In FIG. 1, only one processor 11 is illustrated. The driving assistance device 10, however, may include a plurality of processors that substitute for the processor 11. Execution of the programs that realize the functions of the units of the driving assistance device 10 is divided among the plurality of processors. Each of the processors is an IC that carries out processing as with the processor 11.
*** Description on Operations ***
With reference to FIGS. 4 to 6, operations of the driving assistance device 10 according to Embodiment 1 will be described.
The operations of the driving assistance device 10 according to Embodiment 1 correspond to a driving assistance method according to Embodiment 1. The operations of the driving assistance device 10 according to Embodiment 1 also correspond to processes of a driving assistance program according to Embodiment 1.
With reference to FIG. 4, the overall operations of the driving assistance device 10 according to Embodiment 1 will be described.
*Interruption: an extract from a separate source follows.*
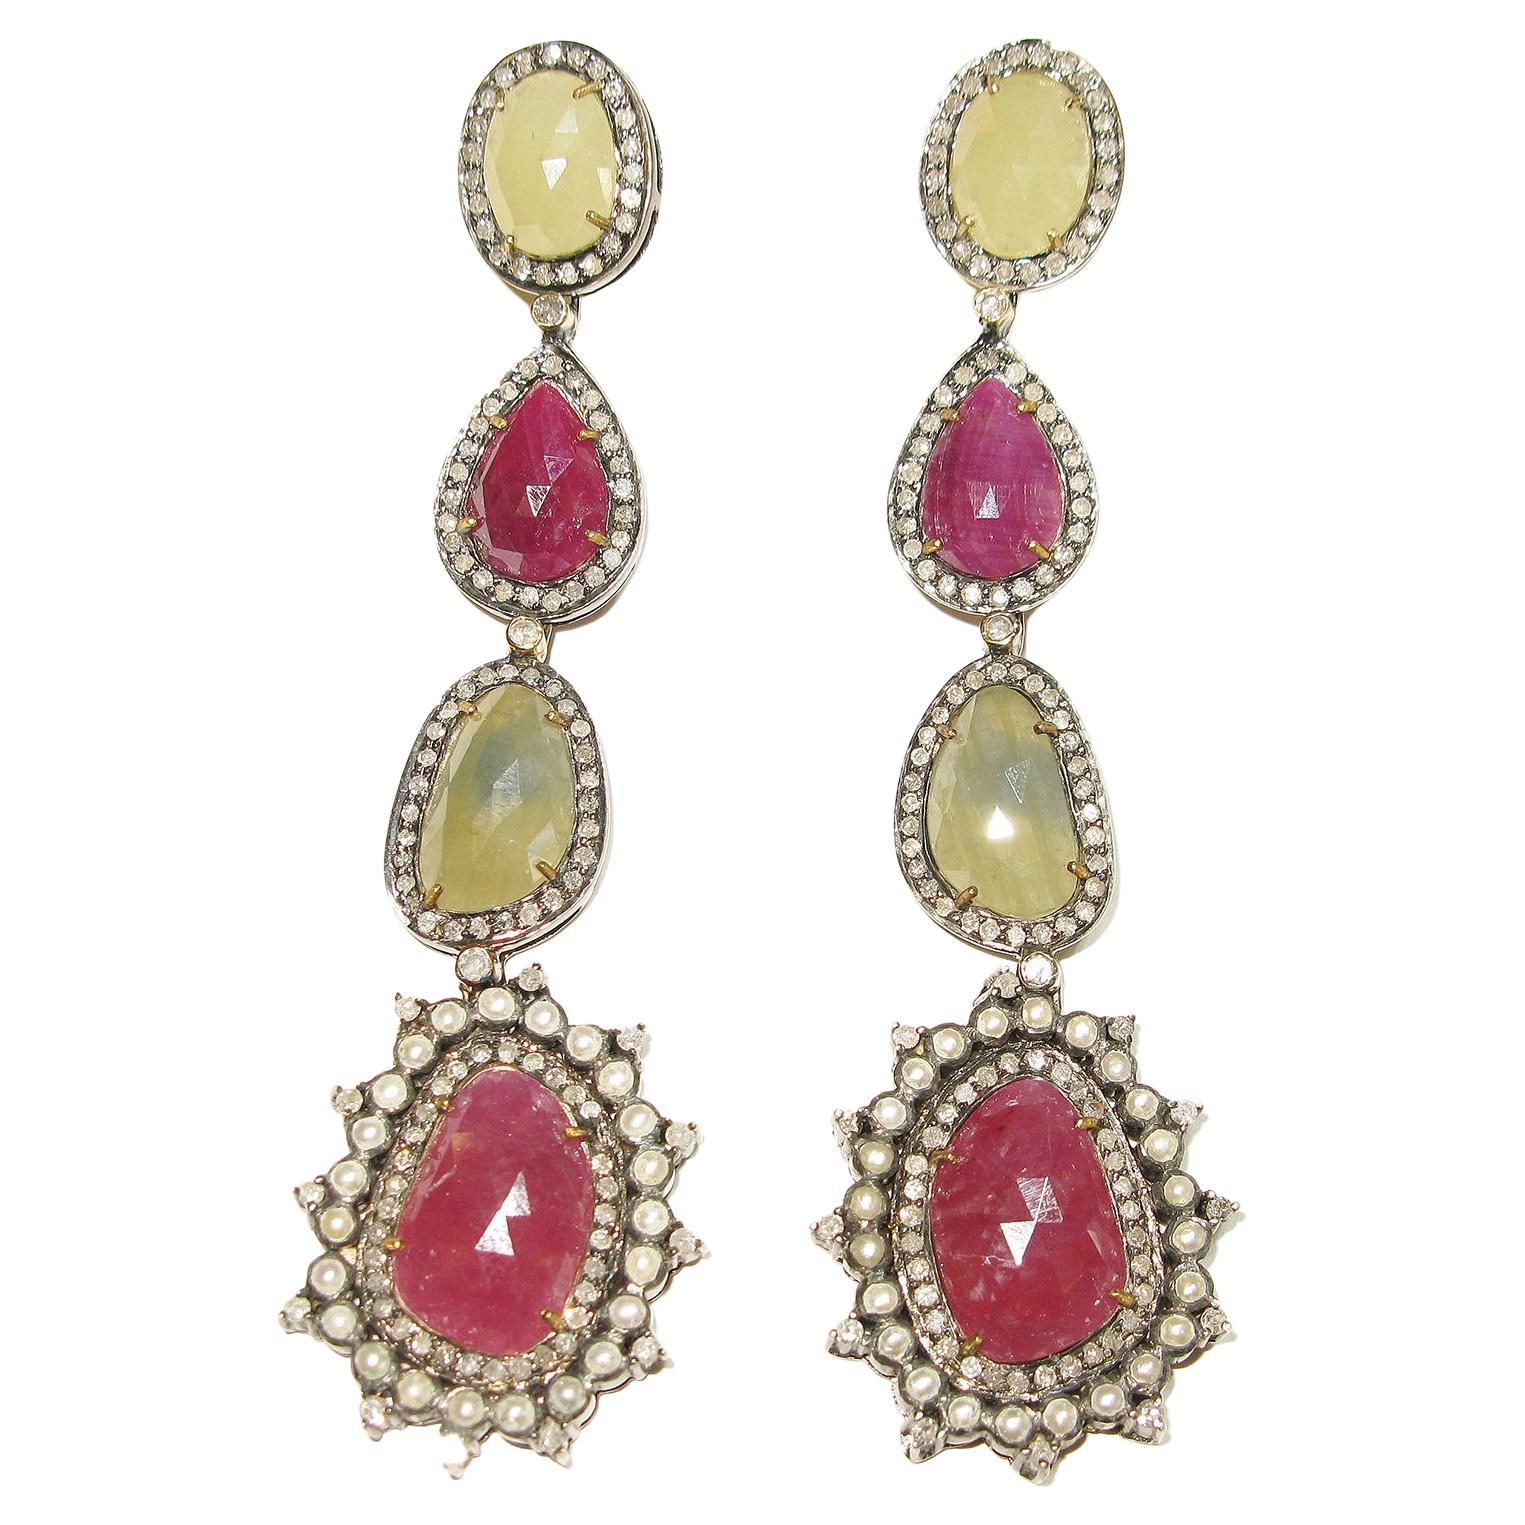 Multi Shaped Gemstone Earrings with Pave Diamonds Made in 18k Gold & Silver

The driving assistance device 10 periodically carries out the processes illustrated in FIG. 4.
(Step S1: Data Acquisition Process)
The data acquisition unit 21 acquires the sensor data obtained by the monitoring sensor 31, through the sensor interface 13. As described above, the sensor data is made of the list of the distance information that represents the spots on the surfaces of the objects existing around the mobile body 100. The data acquisition unit 21 writes the acquired sensor data into the memory 121.
(Step S2: Object Detection Process)
The object detection unit 22 reads out, from the memory 121, the sensor data acquired in step S1 and detects the objects existing around the mobile body 100, based on the sensor data having been read out.
With reference to FIG. 5, object detection processes according to Embodiment 1 will be specifically described.
Processes from step S21 to step S22 are carried out with sequential use of each spot, indicated by the distance information included in the sensor data, as a target spot. In step S21, the object detection unit 22 identifies a spot near to the target spot in the elevation angle and the azimuth angle, as a neighboring spot. The phrase “near in the elevation angle and the azimuth angle” means that the elevation angle is equal to or smaller than a reference elevation angle and that the azimuth angle is equal to or smaller than a reference azimuth angle. Subsequently, the process of step S22 is carried out with use of each neighboring spot identified in step S21, as a target neighboring spot. In step S22, the object detection unit 22 connects a neighboring spot adjoining the target neighboring spot to the target neighboring spot.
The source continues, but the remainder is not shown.